As a closet lover of levers, I have to say I do like the La Pavoni machines.

One thing I'm not sure of of is the difference between the Europiccola and the pro. On a couple of websites they're billing the Europiccola as being an 8 cup machine and the pro as a 16 cup one.

To my knowledge they all make 2.5 cups (unless you switch them off and wrap them in towels).

So I suppose I'm trying to understand is what the difference is between these 2 models (or any others) and how you control judge the temp.

Can anyone confirm this?


----------



## coffeechap (Apr 5, 2012)

The pro version. Has a bigger boiler and a pressure guage which doesn't change the overheating characteristics of the la pavonis, you can help the overheating buy using an aluminium extrusion heat sink on the group.


----------



## urbanbumpkin (Jan 30, 2013)

coffeechap said:


> The pro version. Has a bigger boiler and a pressure guage which doesn't change the overheating characteristics of the la pavonis, you can help the overheating buy using an aluminium extrusion heat sink on the group.


Thanks CC, I thought the pro might have a bigger boiler. Does it still only produce 2.5 shots before over heating?

Is the pressure gauge much use compared to the smaller models that just have the "ready light" that goes on?

What's aluminium extrusion heat sink?


----------



## Mrboots2u (May 10, 2013)

This?

https://londiniumespresso.com/forum/la-pavoni-lever-espresso-machines/311-pavoni-pictures/page-2


----------



## sjenner (Nov 8, 2012)

Mrboots2u said:


> This?
> 
> https://londiniumespresso.com/forum/la-pavoni-lever-espresso-machines/311-pavoni-pictures/page-2


Did you notice that the last set of pictures shows a wood (like) heat sink...
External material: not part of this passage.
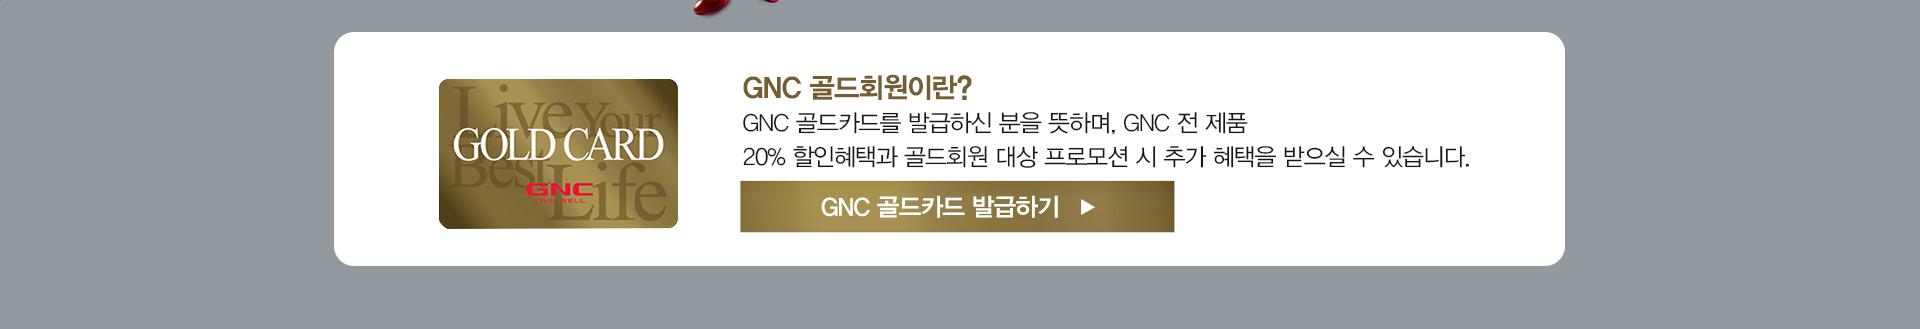 * 골드회원이란? GNC 골드카드를 발급하신 분을 뜻하며, GNC 전 제품 20% 할인혜택과 골드회원 대상 프로모션 시 추가 혜택을 받으실 수 있습니다. GNC 골드카드 발급하기

It is wood, and it is a beautifully executed joke.









Anyway, according to Frans, the proper heat sink (as in the first set of pics) actually allows the user to keep making drinks until all eight cups have been used. The pressure gauge on his Europiccola was drilled and installed by the same chap that makes the heat sinks, so it is not standard.


----------



## Mrboots2u (May 10, 2013)

sjenner said:


> Did you notice that the last set of pictures shows a wood (like) heat sink...
> 
> It is wood, and it is a beautifully executed joke.
> 
> ...












13 wooden bits


----------



## hotmetal (Oct 31, 2013)

Wooden heat sink? I wonder if he could make some fireguards too? If he ran out of wood he could always use chocolate!

I secretly fancy a La Pav too, having seen my mate's. He doesn't even have a grinder so I'm trying to get him to bring it over so I can have a play. Are these things useful machines?


----------